Die Honigbiene: Maßnahmenbündel Vitalzucht

Mit Sonderteil: Klotzbeutenimkerei; Umgekehrte Verdrängungszucht der Dunklen Biene (Apis mellifera mellifera)


Fachbuch, 2016
62 Seiten

Leseprobe

Inhaltsverzeichnis

Anstelle eines Vorwortes

Einleitung

Herkunft
Basis

Basiszucht
Überlebensselektion
Genetische Variabilität
Ablauf der Umstellung
Rotationsbetrieb
Zuchtauswahl
Varroabekämpfung
Linienzucht von Biene, Varroa, Keimen
Inzucht:

Aufstellung
Standort
Trachtwanderungen
Bienendichte

Betriebsweise
Kleine Bienen
Wabenanordnung
Drohnen und Drohnenbau
Mittelwände
Wabenrotation
Brutpausen und Kleinvolkphasen
Waben- und Volkshygiene
Kleine Wintervölker
Königinnenzucht

Fütterung und Tränken

Nachwort

Umgekehrte Verdrängungszucht

Klotzbeuten - Betriebsweise
Eines vorweg
Vergleich der Honigausbeute
Die richtige Biene
Die Art der Klotzbeute
Der richtige Aufstellort
Betriebsweise

Anstelle eines Vorwortes

„Willst Du weniger Arbeit und mehr Gewinn, halte nur wenige Völker, aber Ausschau nach einem gut bezahlten bequemen Job“

„Ein vitaler Bienenbestand kompensiert labile Einkreuzungen ohne massive Verluste“

„Willst Du mehr Honig, brauchst Du mehr Völker.“

„Völkersterben = Varroa + x, aufgrund hochgezüchteter Biene und unnatürlicher Betriebsweise“

Einleitung

Eines ist gewiss: Weder Politik, Forschung noch die Imkerverbände oder aber Berufsimker werden das Dilemma des Vitalitätsverlustes der Honigbiene auflösen, weil sie zwangsläufig eigenen Interessenlagen folgen. Interessenlagen, die sich sehr oft an Mehrheiten oder betriebswirtschaftlichen Erwägungen orientieren.

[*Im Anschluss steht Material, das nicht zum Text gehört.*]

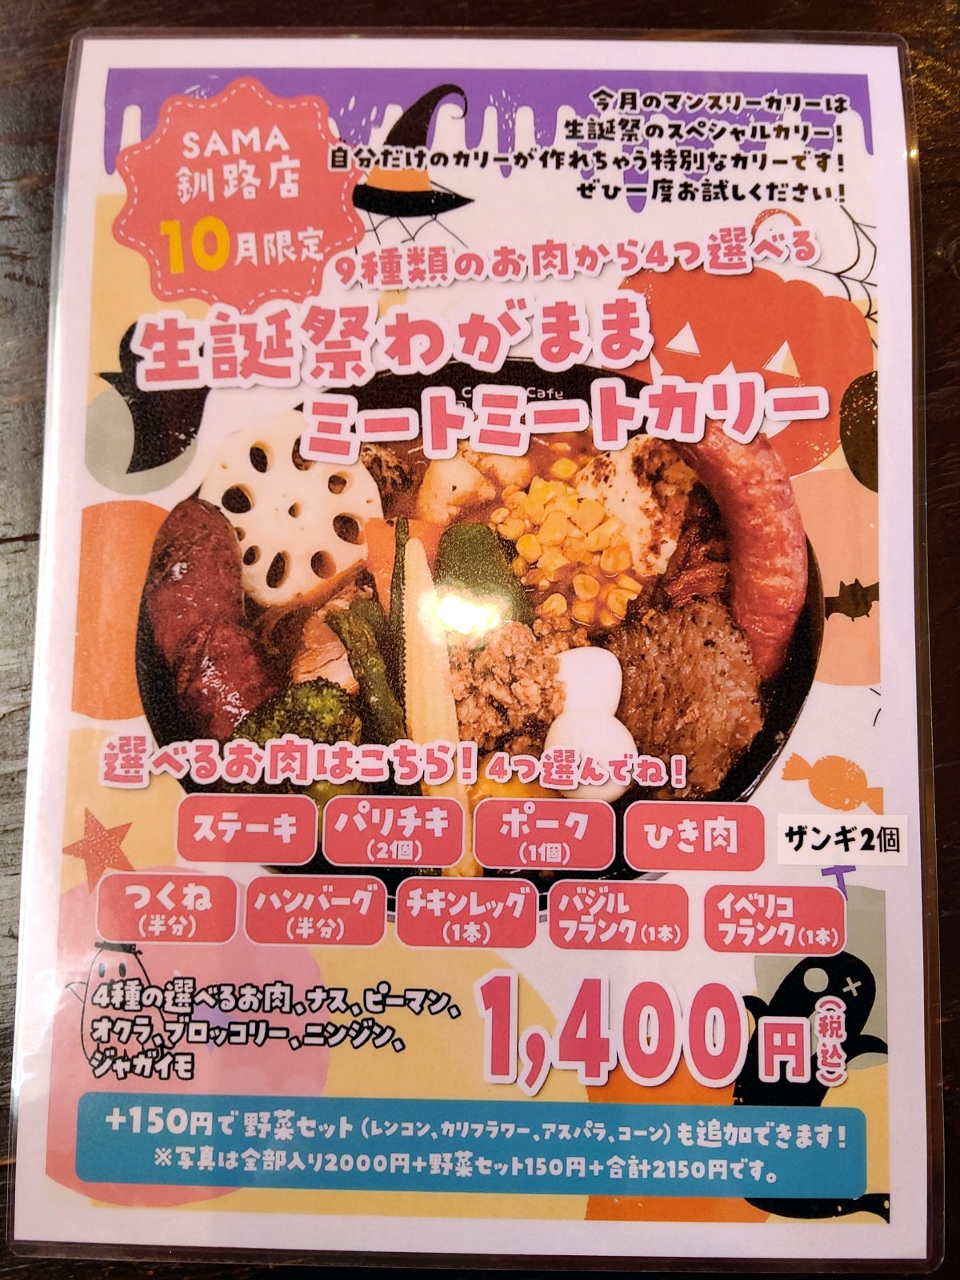 Curry & Cafe SAMA 生誕祭わがままミートミートカリー - スープカレー

Beides hat dazu geführt, dass es keinen ernst zu nehmenden wilden Honigbienenbestand in Mitteleuropa mehr gibt. Mit der weiteren Folge, dass die Honigbiene absolut abhängig vom Menschen geworden und in Freiheit kaum mehr langfristig überlebensfähig ist.

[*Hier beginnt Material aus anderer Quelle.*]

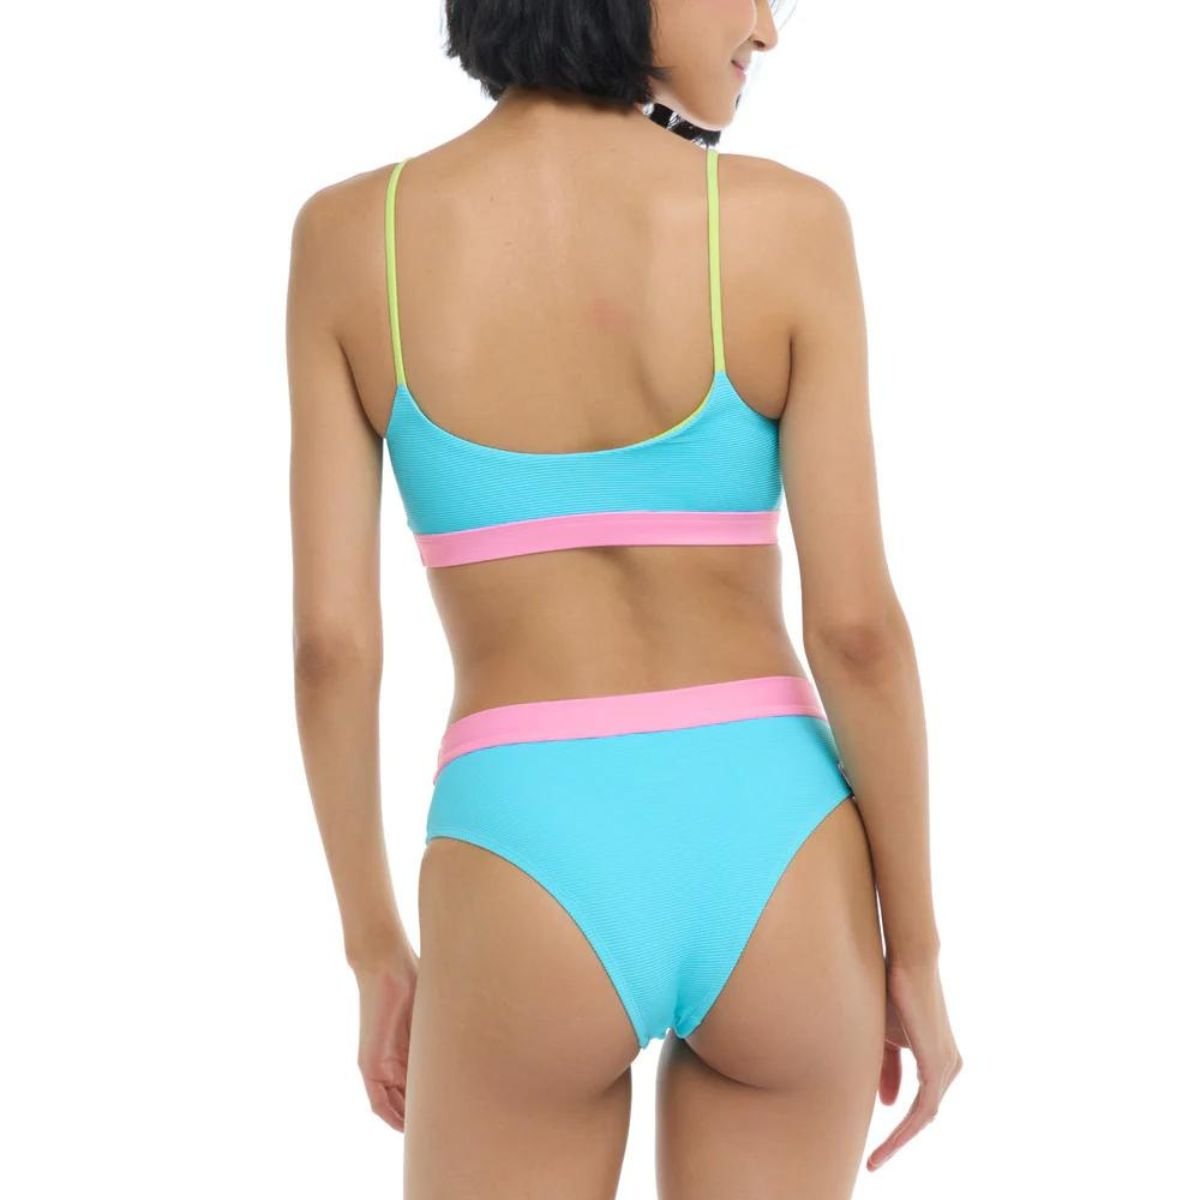 Body Glove Spectrum Aro Bikini Top in Cyan - BoardCo

Damit wirken sich Fehler des Menschen nunmehr absolut populationsprägend aus, was im Schadensfalle generell mit dem Wort „Bienensterben“ bezeichnet wird.

Ein weiteres Problem nicht nur unserer Zeit und der Imkerschaft sind Brandmarkungen Andersdenkender, Anprangerungen Andershandelnder und Lächerlichmachungen bis hin zu handfester Anfeindungen derjenigen, die für Ihre Meinung einstehen.

Das hat nicht nur in der Imkerei dazu geführt, dass diejenigen Imker, die nach pragmatischen Selbstversuchen, meist unter erheblichen Kosten und Mühen seit Jahren erfolgreich ohne „Milbenzählen“, Säurebehandlungen und Bienenmedikamente auskommen, ihr Wissen, wenn überhaupt, nur hinter vorgehaltener Hand und unvollständig weitergeben.

Aber eines ist klar geworden: Es gibt kein Allheilmittel gegen Bienensterben und Völkerverluste.

Meistens sind es nämlich die Betriebsweise des Imkers und seine eigenen Zuchtziele, die über die Vitalität seiner Völker entscheiden. Nur selten haben eine bestimmte Bienenherkunft, Bienenrasse, imkerliche Nachbarschaft oder aber das verwendete Beuten- und Wabensystem entscheidenden Einfluss. Es ist nämlich machbar auch ohne exotische Betriebsweisen mit beinahe jeder Biene und jedem Beuten- / Wabensystem den eigenen Bienenbestand zu vitalisieren … wenn man bereit ist betriebswirtschaftliche Interessen (vorerst) ein wenig in den Hintergrund zu stellen, der weiteren Evolution der Honigbiene auf die Sprünge zu helfen und diese wieder mehr geschehen zu lassen.

Denn auch jüngere wissenschaftliche Versuche haben gezeigt, dass jedenfalls 20 % der Völker (-linien?) selbst mit der Varroa leben können, wenn man diese nicht wie eine Hochleistungsmilchkuh führt, quält und ausbeutet.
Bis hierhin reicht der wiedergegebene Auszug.